Telephone-Based Intervention Improves Colorectal Cancer Screening in At-Risk Relatives of Patients With Colorectal Cancer
Individuals at increased familial risk of colorectal cancer have poor adherence to colonoscopy screening recommendations, especially those in rural and other geographically underserved populations. In a study (Family CARE trial) reported in the Journal of Clinical Oncology, Kinney et al found that a telephone-based strategy was effective in improving the colonoscopy screening rate in at-risk relatives of patients with colorectal cancer.
Study Details
In the study, 481 individuals aged 30 to 74 years who had not had risk-appropriate screening and were not candidates for genetic testing were recruited via contacting patients with colorectal cancer or their next of kin in five states (California, Colorado, Idaho, New Mexico, and Utah). Participants were randomly assigned as family units to receive active personalized intervention incorporating evidence-based risk communication and behavior change techniques (TeleCARE group, n = 232) or a mailed educational brochure (control group, n = 249).
All participants received a survey of self-reported baseline clinical information, including colonoscopy screening, family history of cancer, sociodemographics, and psychosocial data and a mailed educational brochure targeted to participant risk status; in addition, the TeleCARE group received mailed tailored visual aids, a tailored telephone cancer risk assessment and counseling session, mailed tailored summary letter of their telephone session, and a mailed tailored reminder card.
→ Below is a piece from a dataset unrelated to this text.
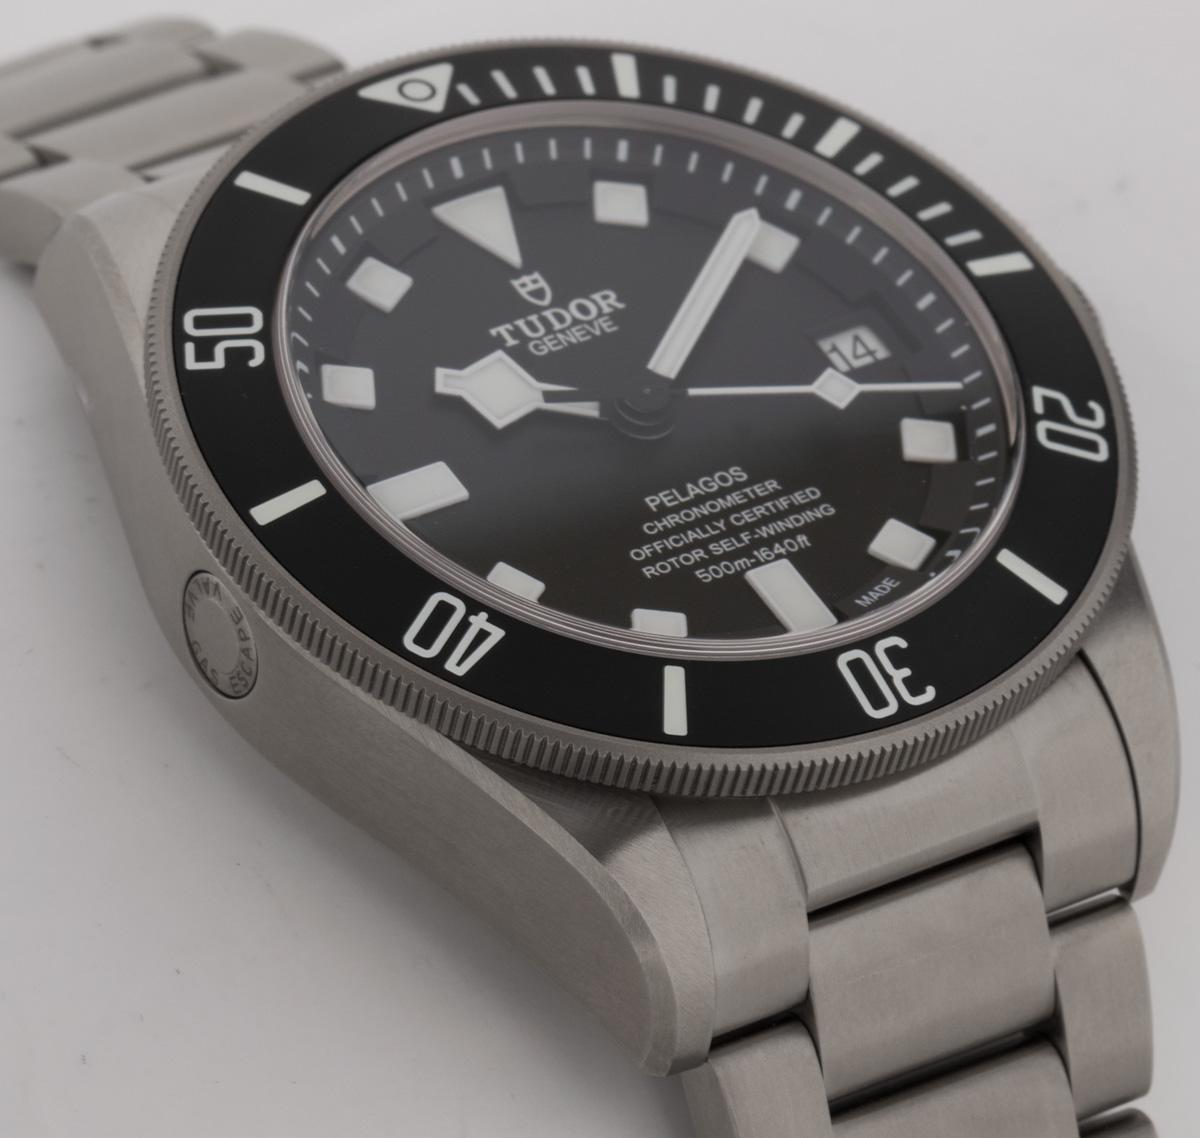 Side angle of Pelagos Chronometer

The TeleCARE intervention incorporated risk communication and behavior change approaches designed to improve perceptions about the threat of familial colorectal cancer, arouse fear, increase belief in colonoscopy benefits, and increase self-efficacy and motivation to undergo the procedure. Participants were informed that colonoscopy was the recommended screening strategy due to their risk status. Participants completed an outcome assessment at 9 months after the intervention. The primary outcome measure was verified colonoscopy within 9 months of the intervention.
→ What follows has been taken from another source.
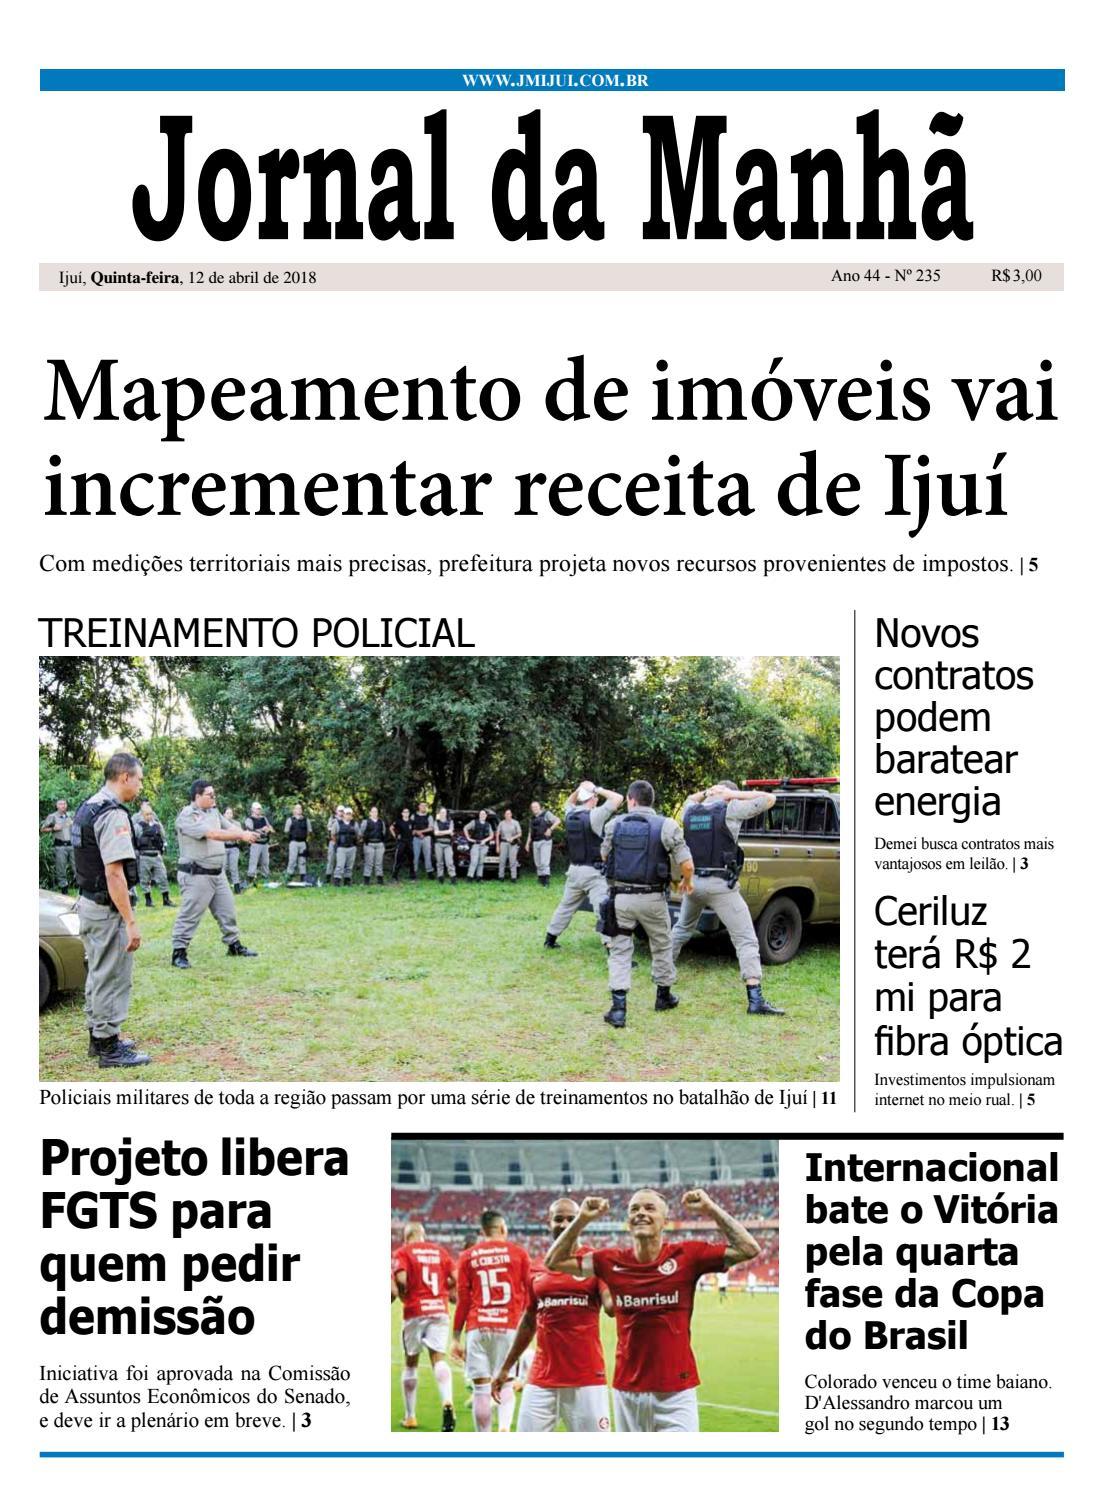 2880172fe Jornal da Manhã - Quinta-feira - 12-04-2018 by clicjm - issuu

The TeleCARE and control groups were generally balanced for age (mean, 50 and 51 years), race/ethnicity (white in 92% and 96%), marital status (74% and 77% married, 22% and 19% separated, widowed, or divorced), educational level (43% post–high school in both, 22% and 27% Bachelor’s degree), residence (75% and 80% urban, 25% and 20% rural), household income (20% and 17% < $30,000, 18% and 20% $30,000–$49,999, 16% and 14% % 50,000–$69,999, 35% and 40% ≥ $70,000), employment status (72% and 69% employed), health insurance (private for 71% and 70%, no coverage for 16% and 20%), and proportion with a personal health-care provider (66% and 65%). Fewer TeleCARE group participants were female (39% and 46%).
Improved Colonoscopy Rate
Of all 481 at-risk relatives, 79.8% completed the outcome assessments within 9 months, with no significant difference between groups in retention rate. Overall, 35.4% of those in the TeleCARE group vs 15.7% of those in the control group underwent colonoscopy within 9 months (odds ratio [OR] = 2.83, P < .001). Odds ratios were similar and significant in subgroup analyses for rural residence (2.89, 95% confidence interval [CI] = 1.53–5.46), urban residence (2.87, 95% CI = 1.85–4.46), household income < $30,000 (2.75, 95% CI = 1.37–5.55), and household income ≥ $30,000 (2.94, 95% CI = 1.19–4.53).
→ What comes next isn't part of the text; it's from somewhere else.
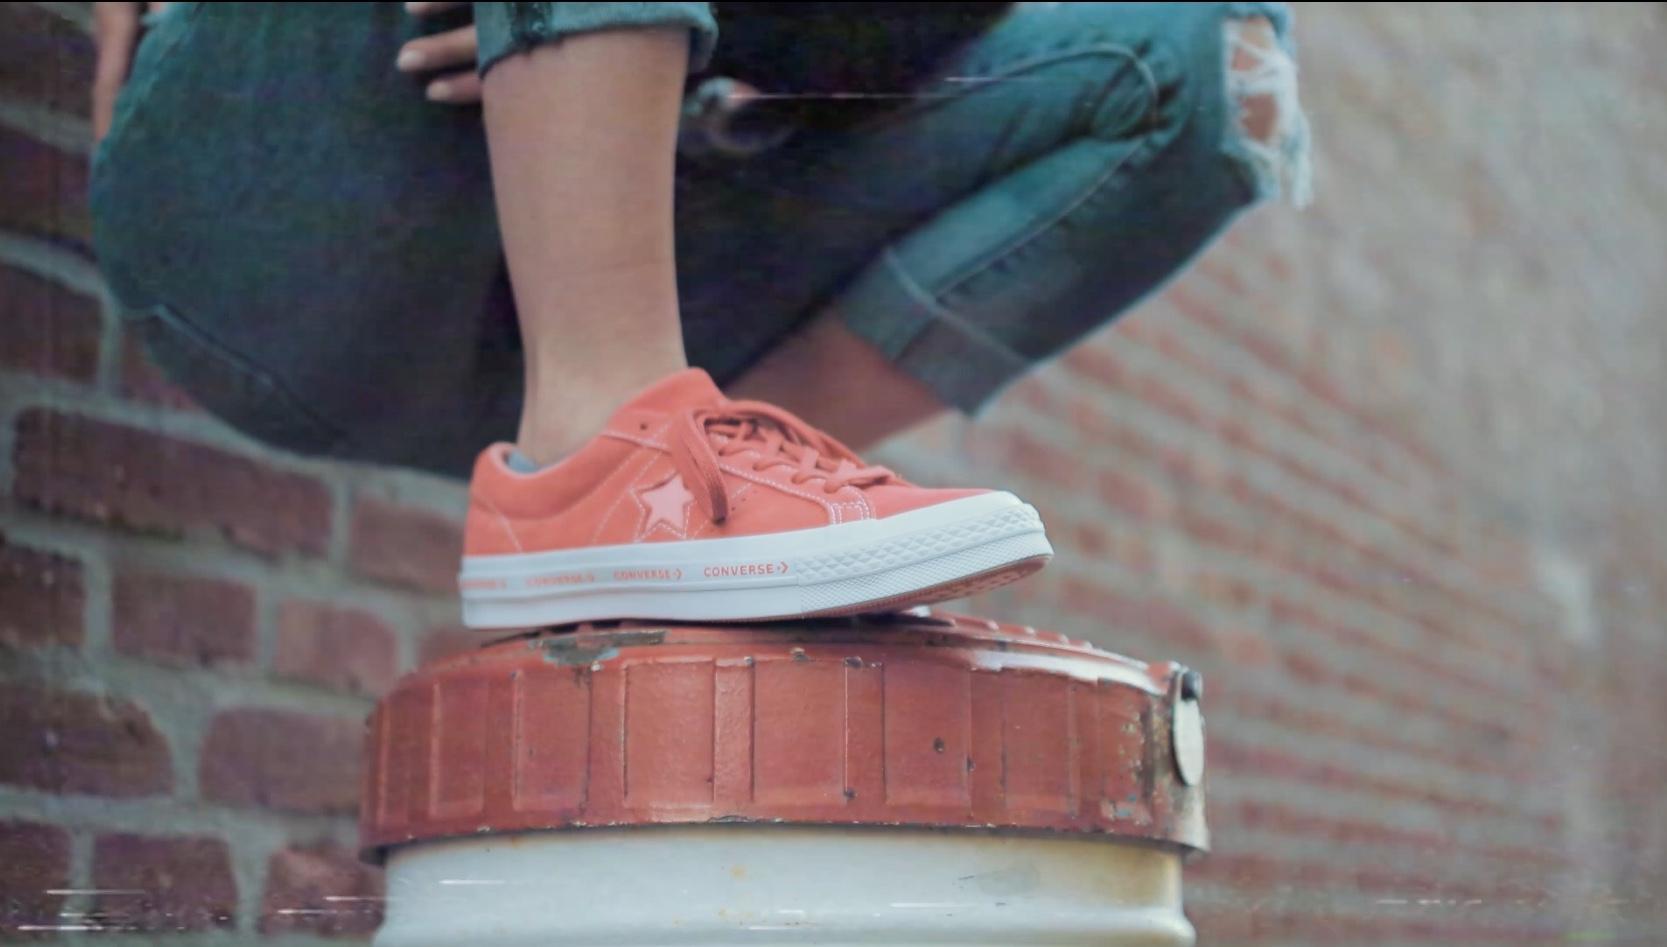 Converse Schuhe vor Backsteinwand

The investigators concluded, “Remote personalized interventions that consider family history and incorporate evidence-based risk communication and behavior change strategies may promote risk-appropriate screening in close relatives of patients with [colorectal cancer].”
Anita Y. Kinney, PhD, RN, of University of New Mexico Cancer Center, is the corresponding author for the Journal of Clinical Oncology article.
The study was supported by grants from the National Cancer Institute and Huntsman Cancer Foundation and others. Study author Randall W. Burt, MD, reported a consultant or advisory role with Myriad Genetics and honoraria from Myriad Genetics.
The content in this post has not been reviewed by the American Society of Clinical Oncology, Inc. (ASCO®) and does not necessarily reflect the ideas and opinions of ASCO®.